● Dataset content:
....................

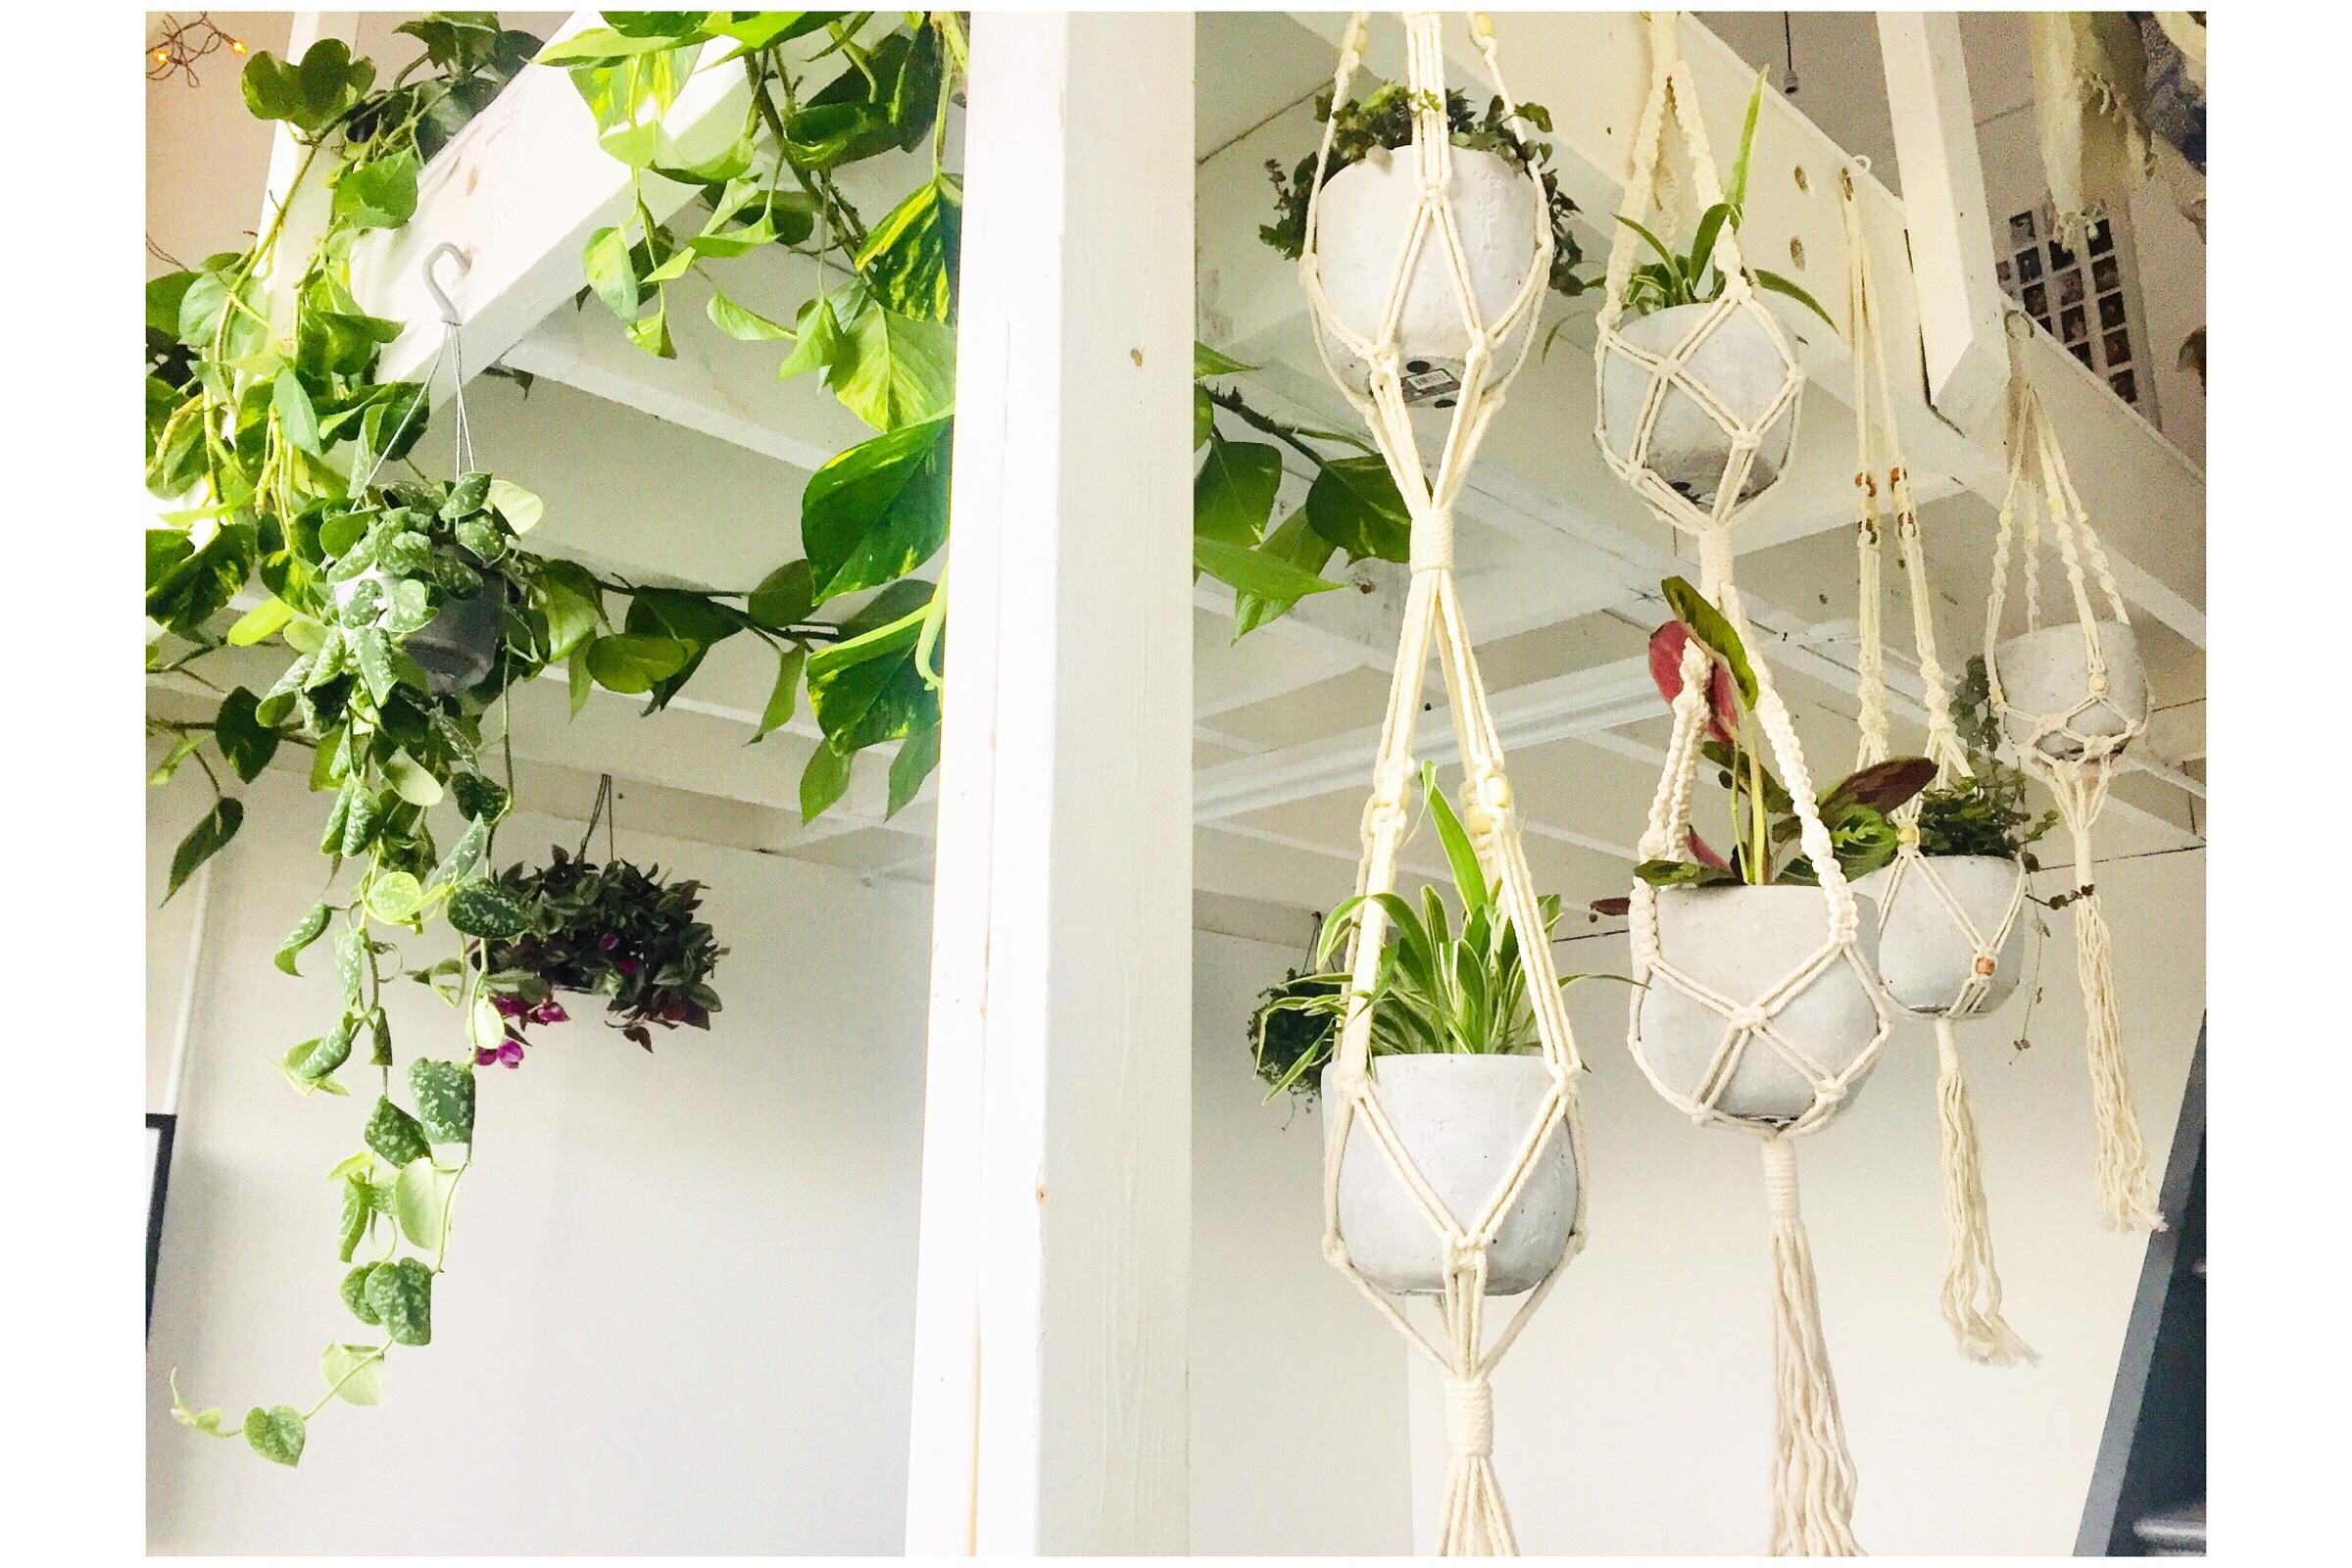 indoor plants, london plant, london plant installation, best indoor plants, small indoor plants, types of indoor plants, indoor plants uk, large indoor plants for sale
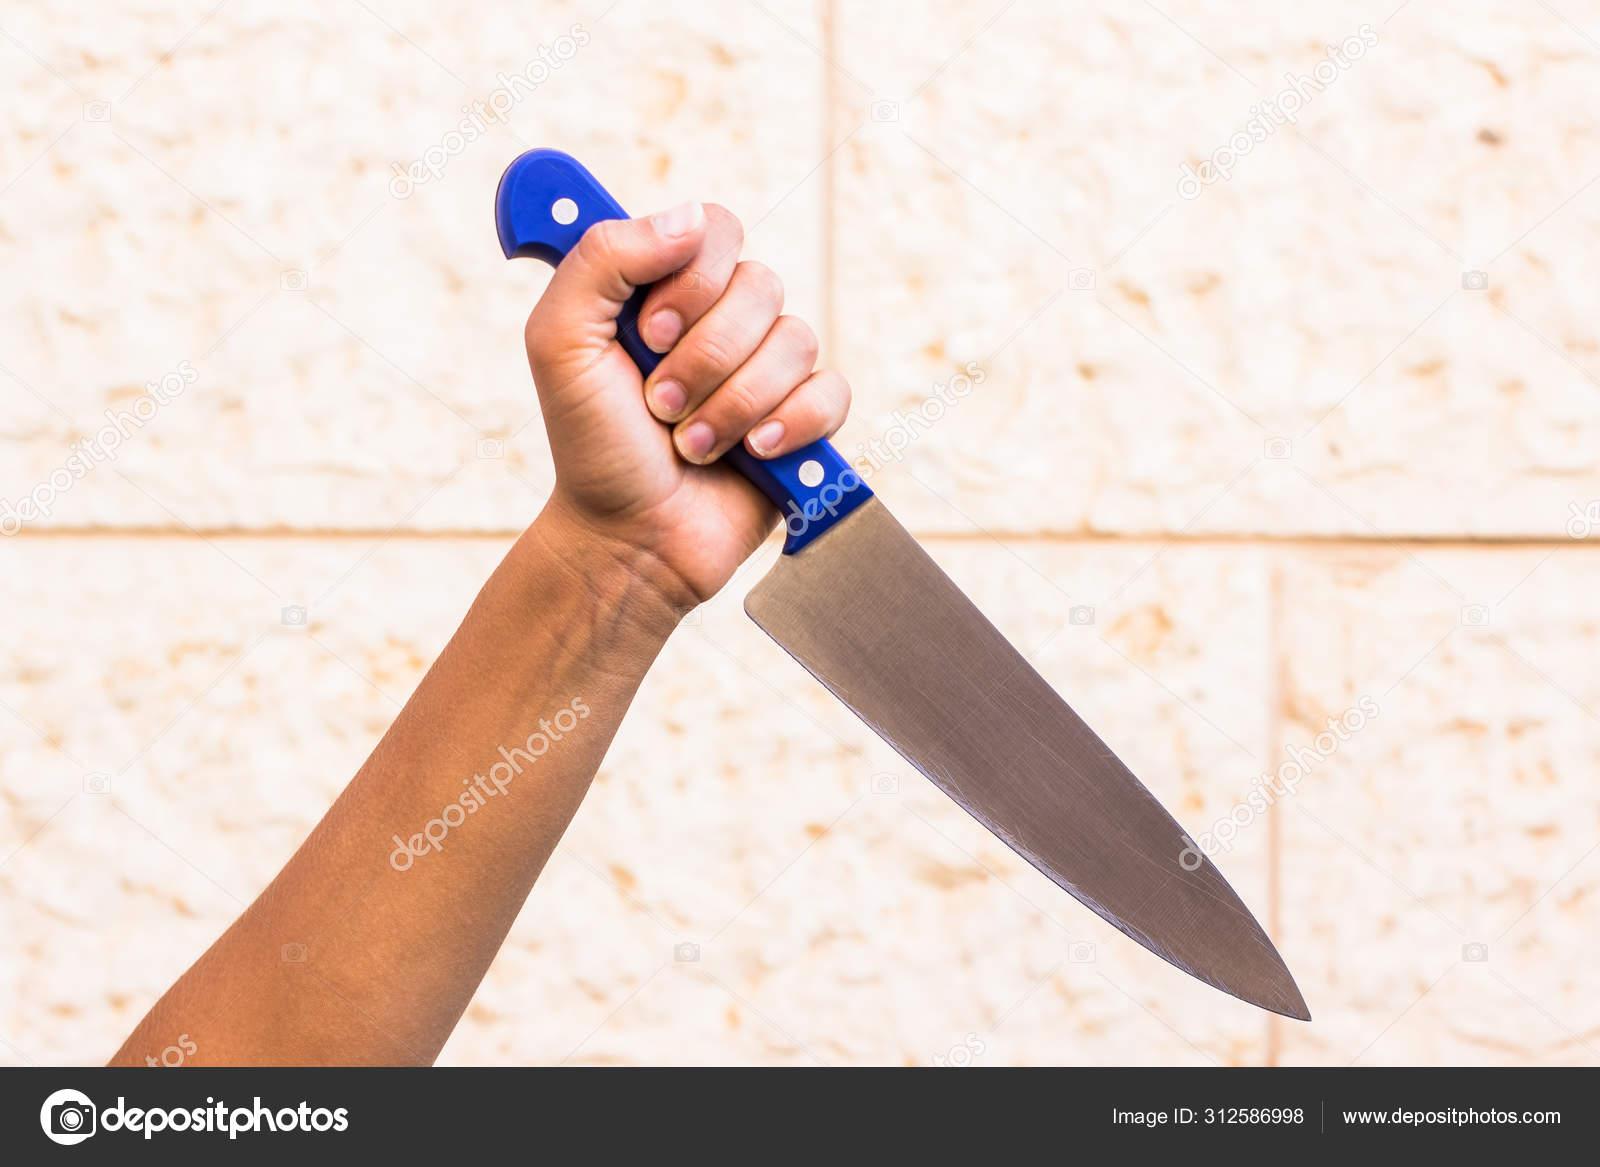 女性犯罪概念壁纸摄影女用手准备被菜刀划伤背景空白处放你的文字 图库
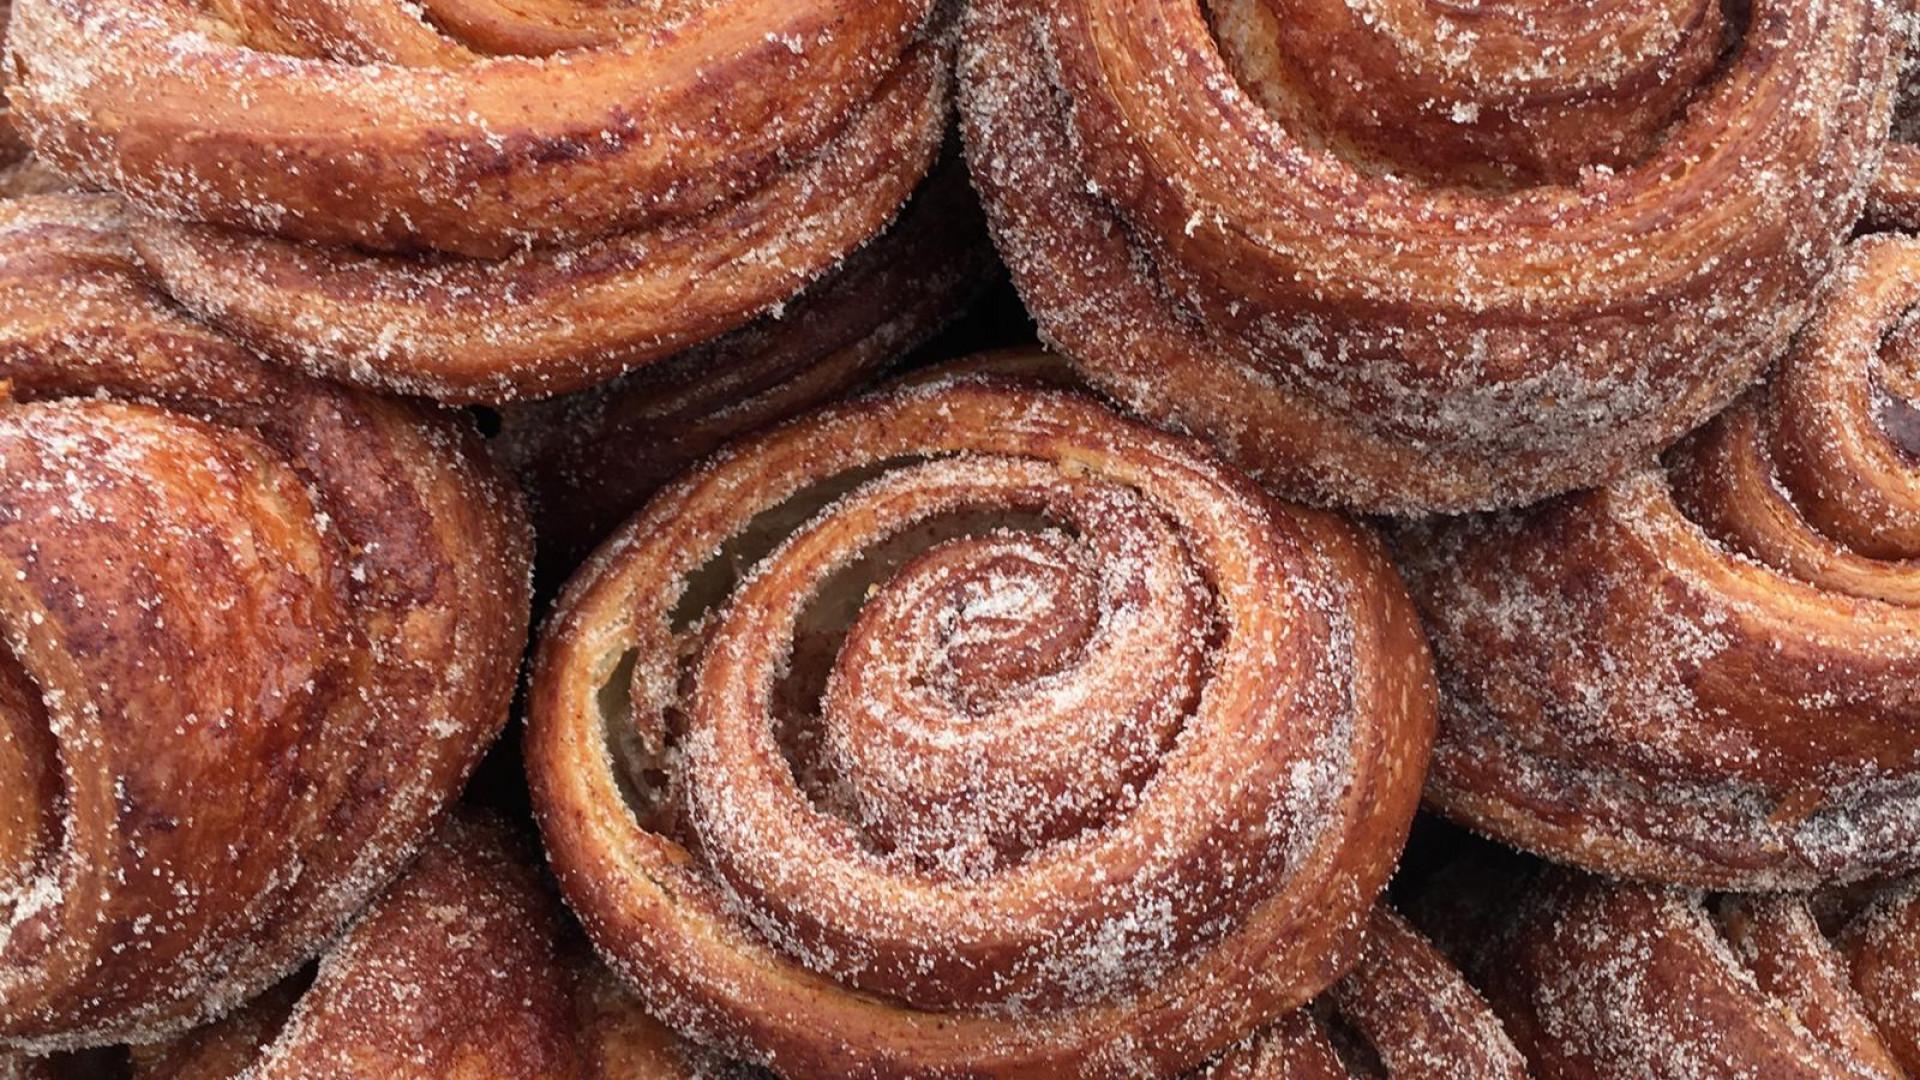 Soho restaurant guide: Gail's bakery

....................

● Problem to solve: The result should be every line of the data, reproduced exactly, with the images removed.

● Written answer:
 indoor plants, london plant, london plant installation, best indoor plants, small indoor plants, types of indoor plants, indoor plants uk, large indoor plants for sale
 女性犯罪概念壁纸摄影女用手准备被菜刀划伤背景空白处放你的文字 图库
 Soho restaurant guide: Gail's bakery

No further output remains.